- **Your task**:
Return the listing verbatim, images left out.

- **Given material**:
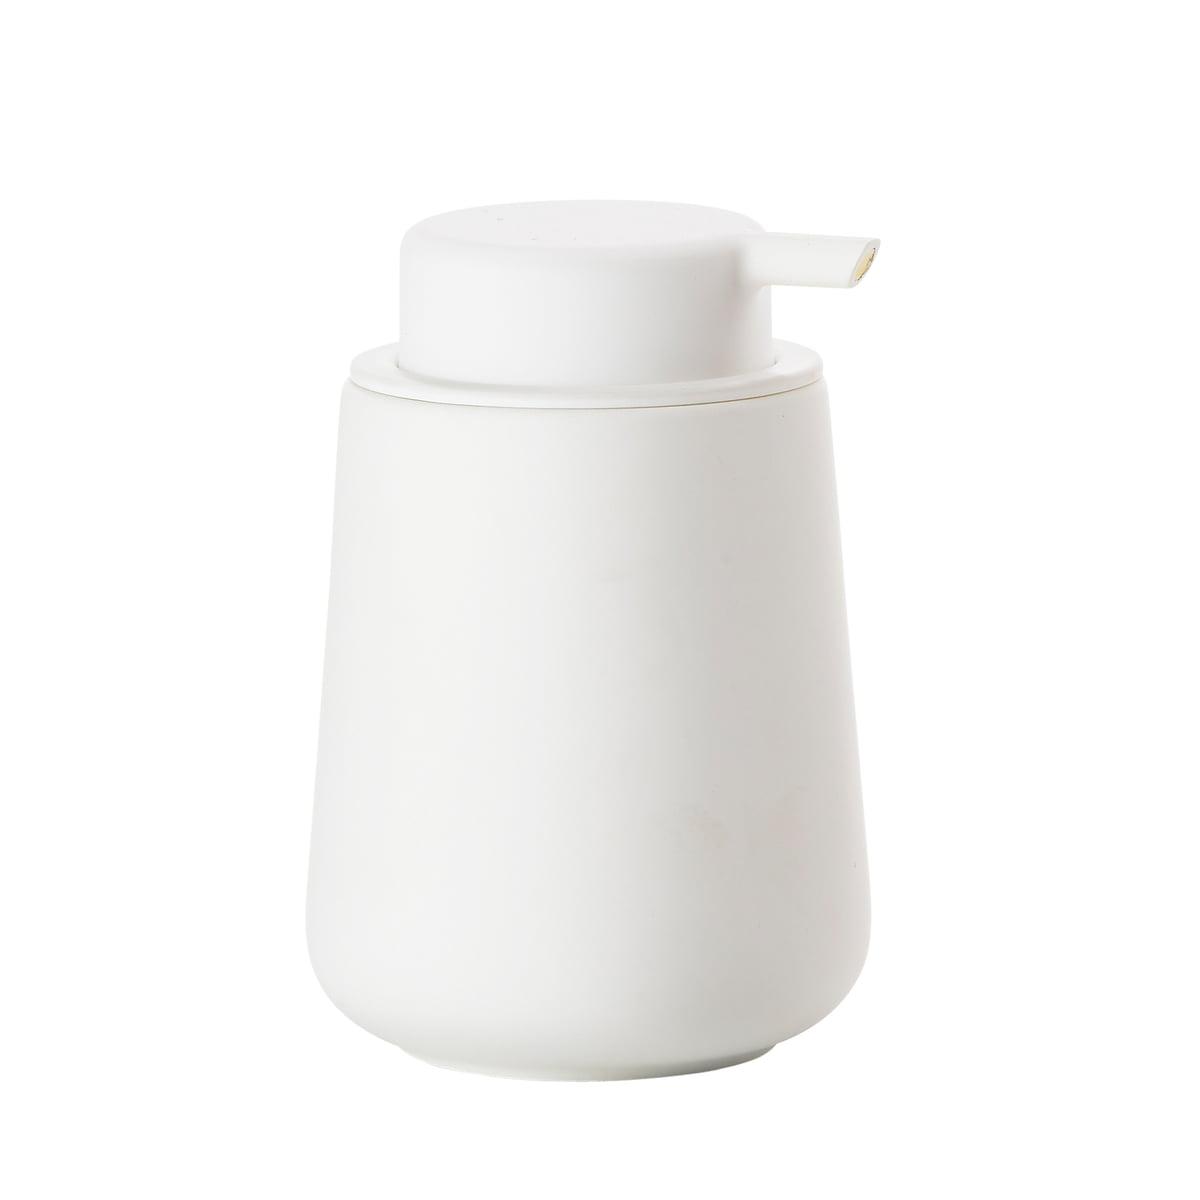 Nova One Soap Dispenser By Zone Denmark In White
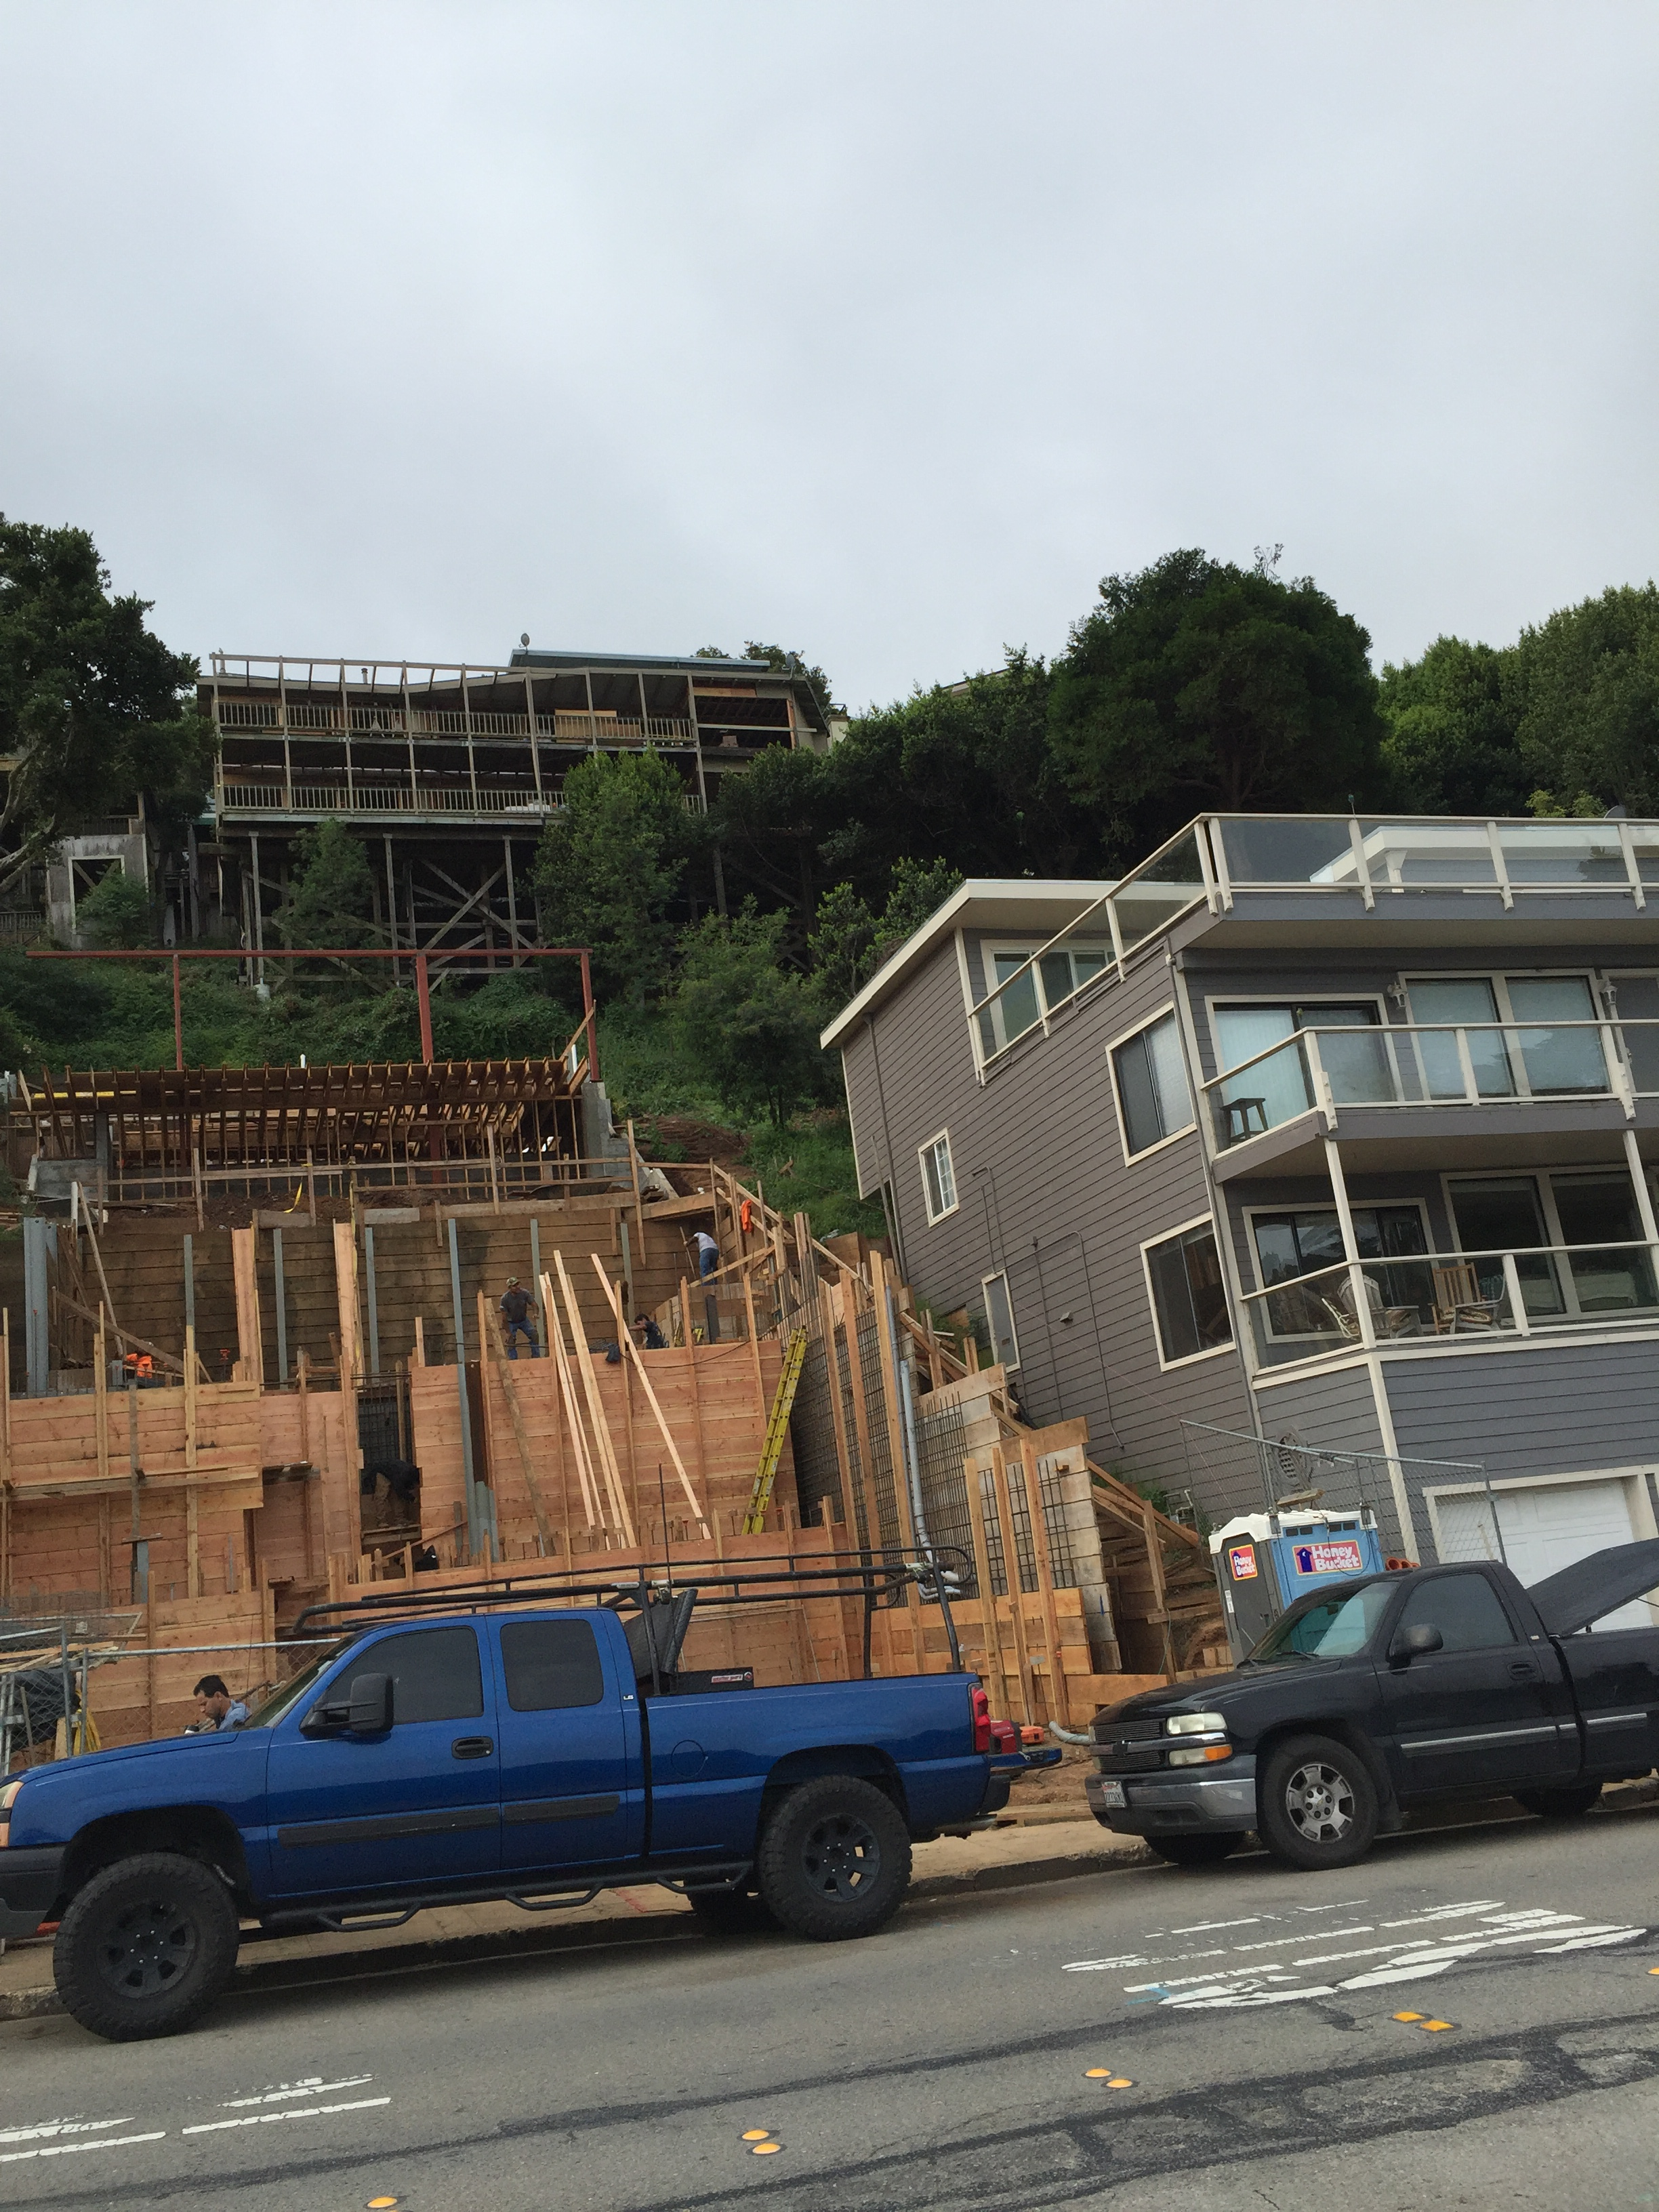 I caught them building my house. #DareToDream
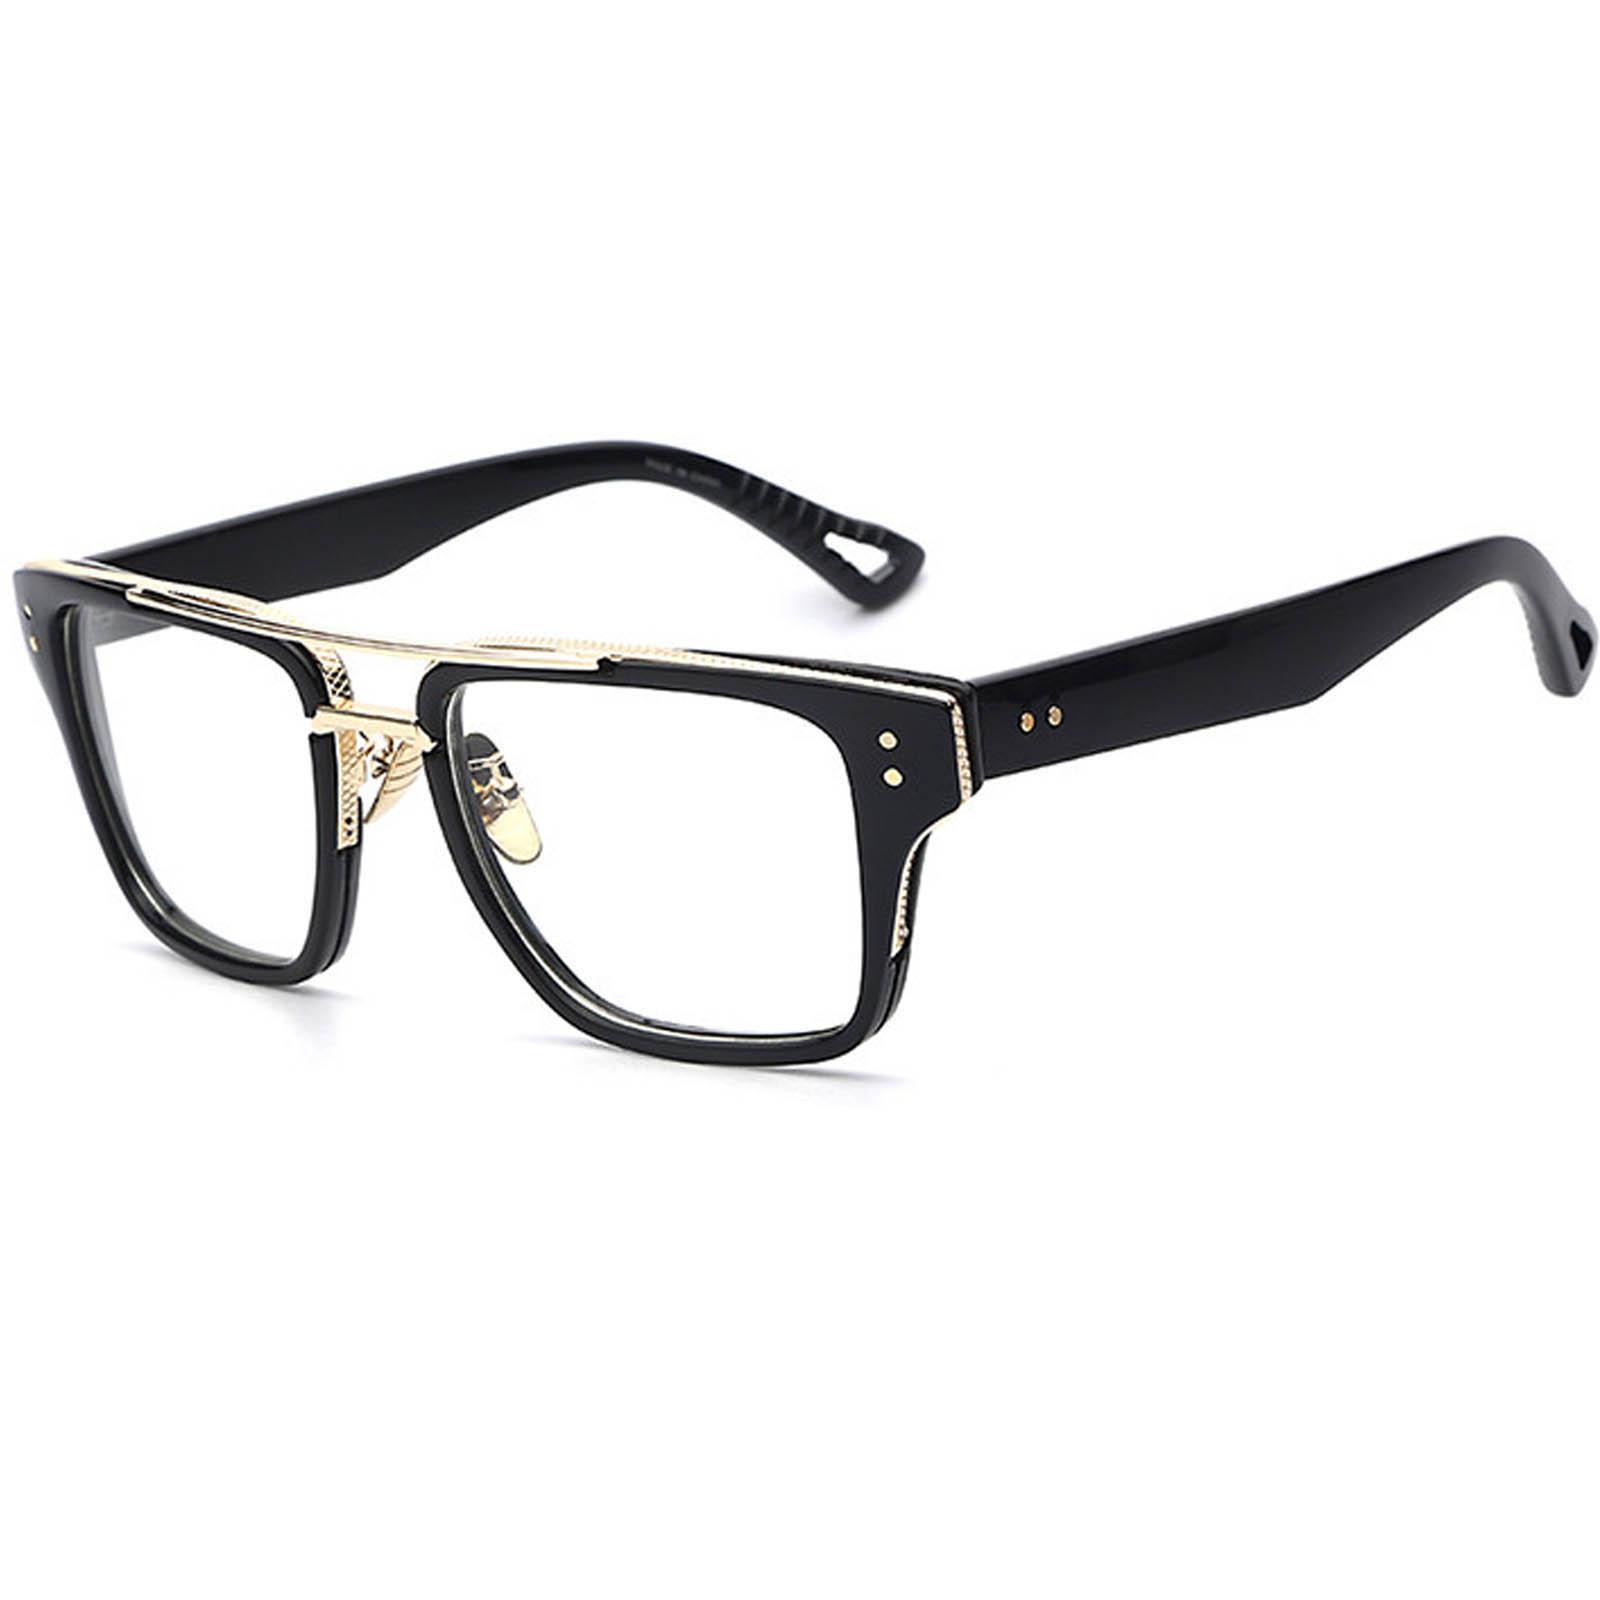 OWL ® 026 C5 Rectangle Eyewear Sunglasses Women\'s Men\'s Plastic ...

- **Task solution**:
 Nova One Soap Dispenser By Zone Denmark In White
 I caught them building my house. #DareToDream
 OWL ® 026 C5 Rectangle Eyewear Sunglasses Women\'s Men\'s Plastic ...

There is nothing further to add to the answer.